A large, multinational cooperation wants to enable it's executives to get more creative in pursuing the companies goals. So an internal prediction market is established:
- starting at lower management, part of the salary is not paid directly but in form of tokens for a company-internal prediction market
- managers bet on real world events and outcomes of the companies projects, if and when they happen (will x win this election? will the second quarter be beter or worse then the first? will department y finish project z on time and on budget?)
- payouts are paid in real money
- only participants can see the bets, each bet is anonymous (the betting office is it's own legal entity, though of course once the payouts reach the winner of a bet banks, law enforcmeent or management high enough up the food chain could break the anonymity)

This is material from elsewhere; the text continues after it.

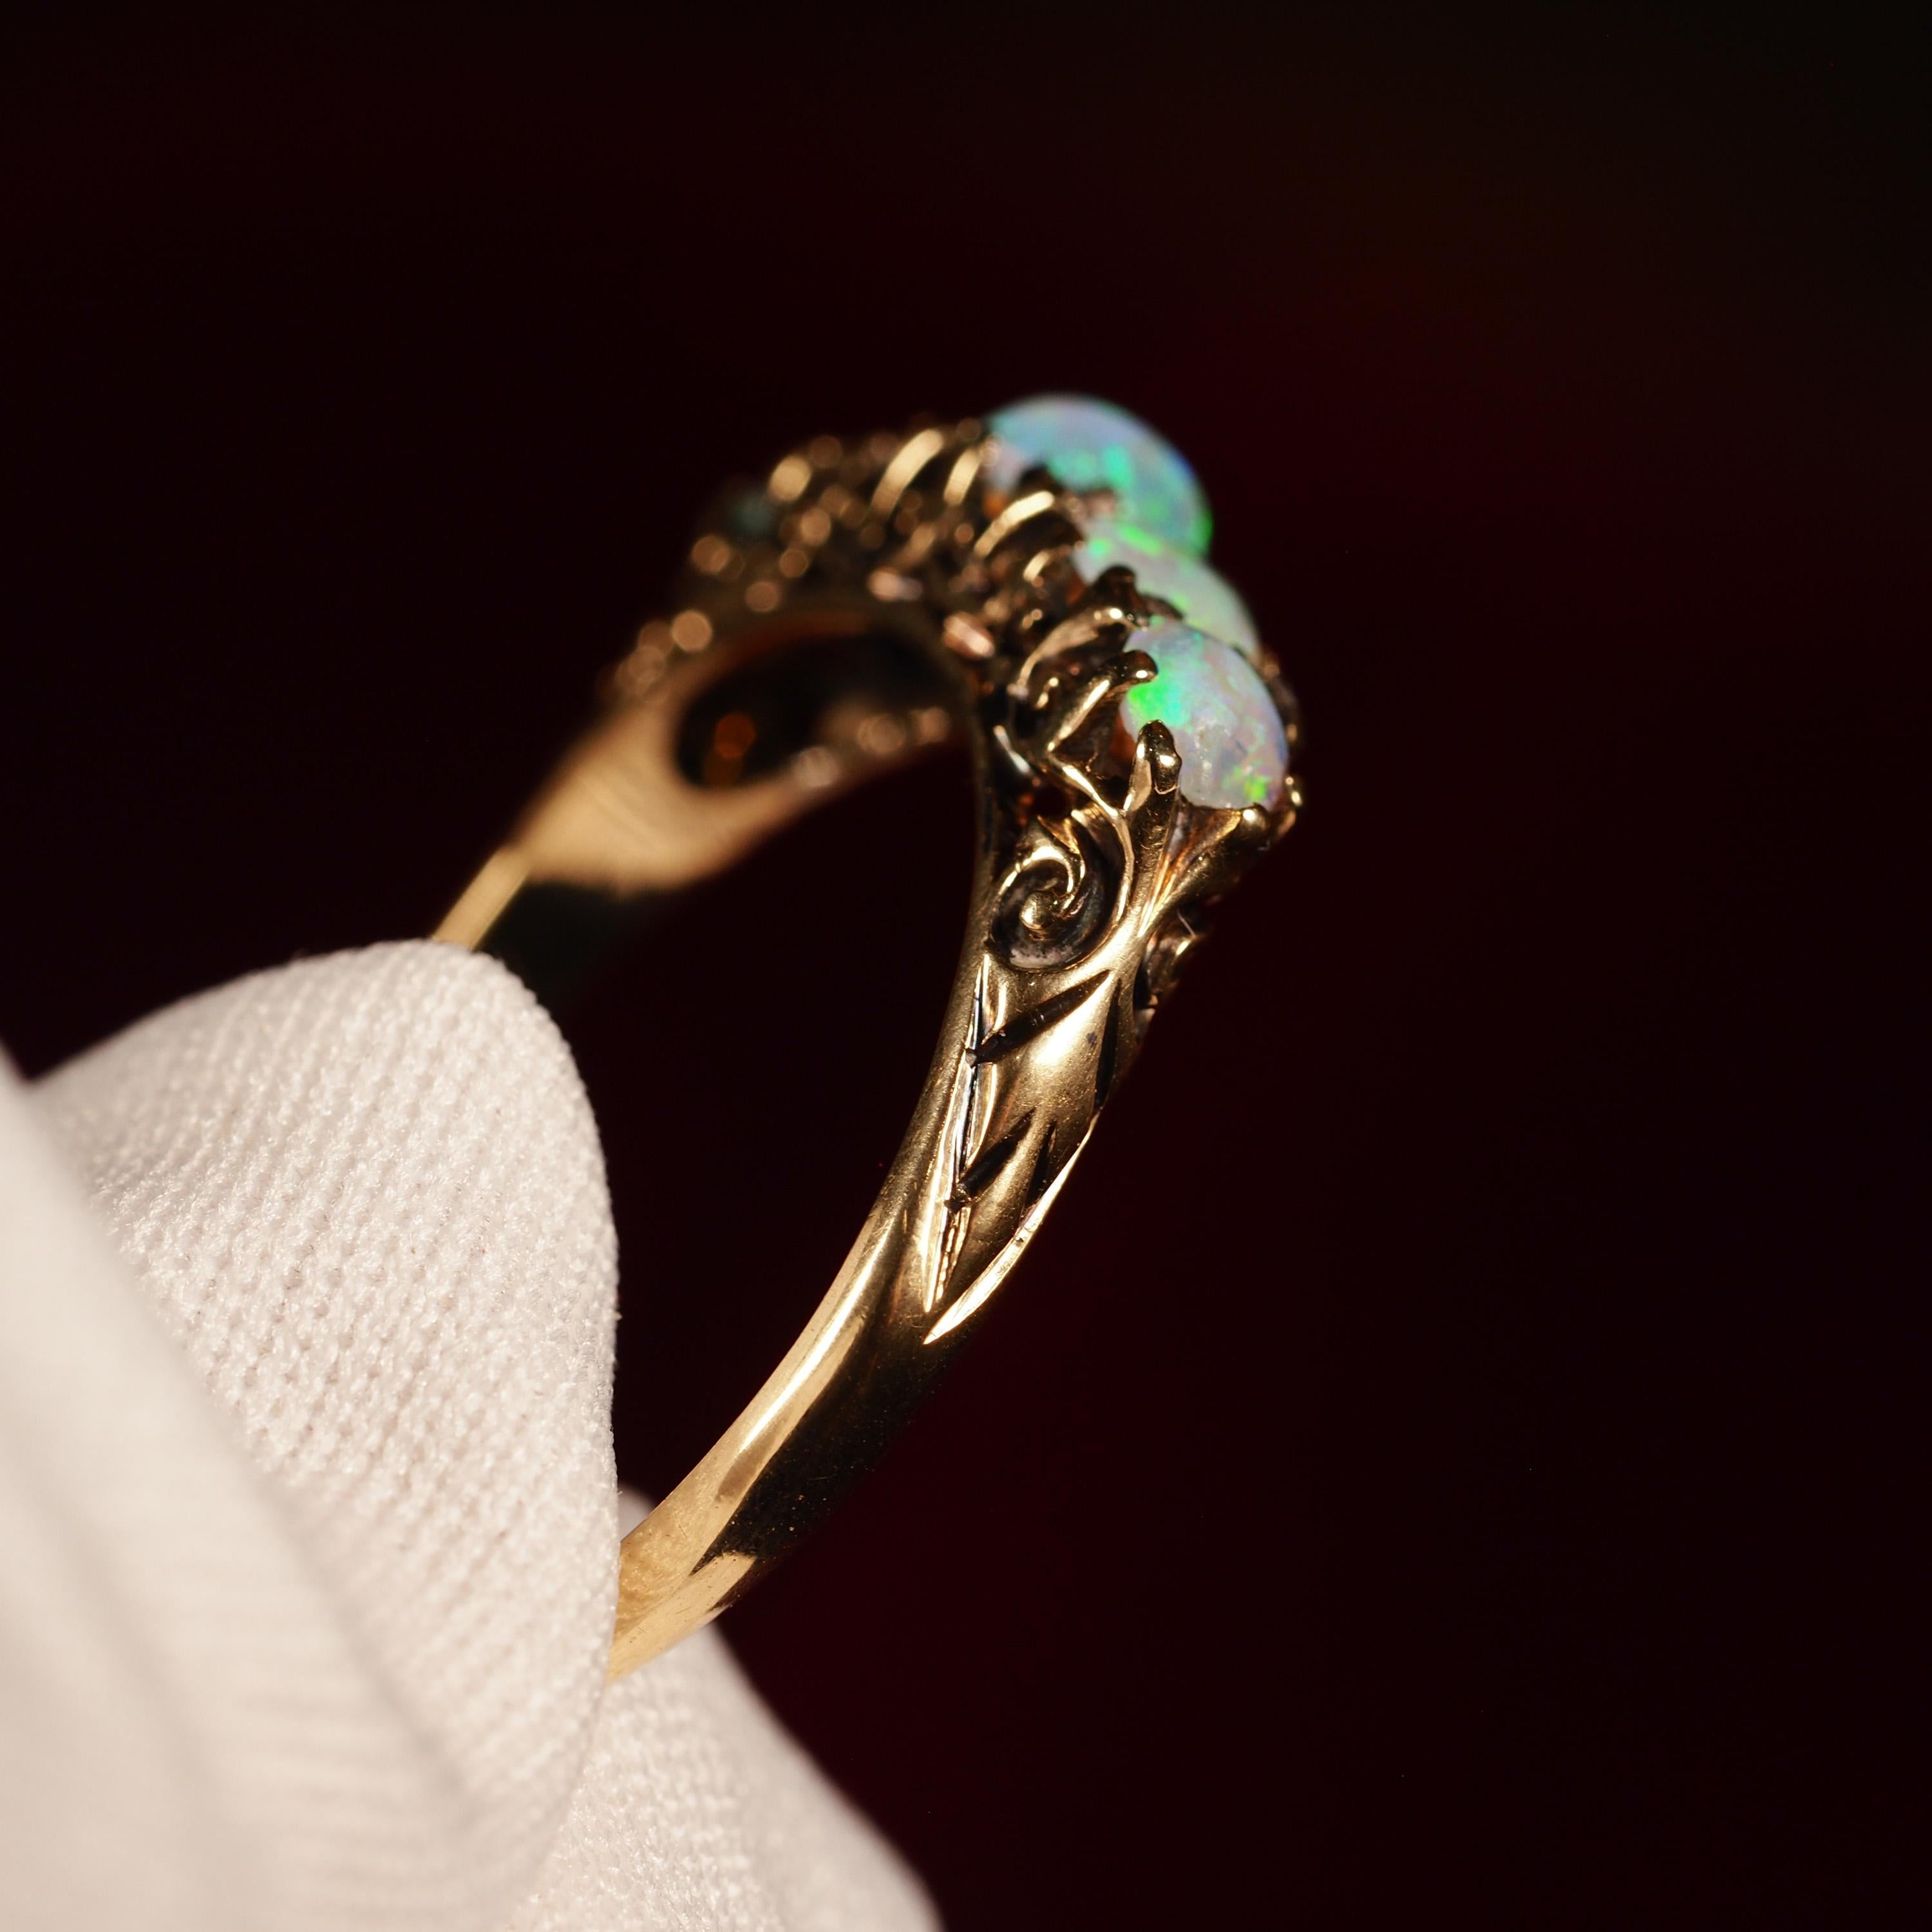 Antique Opal 14K Gold Ring with 5 Cabochons & Fleur-de-lis - Victorian c.1890 12

- the overt motivation is that it forces managers to think hard, with skin in the game, about the outcomes of actions, including their own
- the thing is - ostensibly - anonymous so a junior executive can bet against their managers project if they think it will fail, without fear of reprisal
- the actual goals is a sort of assassination market - Bob bets on a certain sale happening within a specific week, then goes on to bribe the procurement person on the clients side with his own money to make it happen
- to make this work, senior executives and major stakeholders also "play" in the prediction market, betting against outcomes they want (like Bob making the sale) to ensure that initiative shown is rewarded
- If Bob gets caught, he's immediately thrown under the bus - clear breach of the compliance handbook, how is it the companies fault what he does with the money earned in the prediction market etc.
A law against such a prediction market can surely be written, or has been written. That's not what this question is about. The question is, how could someone game this system (possibly using the contradiction between the overt function where everyone bets on what they think will happen and the covert function where everyone bets against outcomes they want) to get rich in a way that is not in the shareholders interest?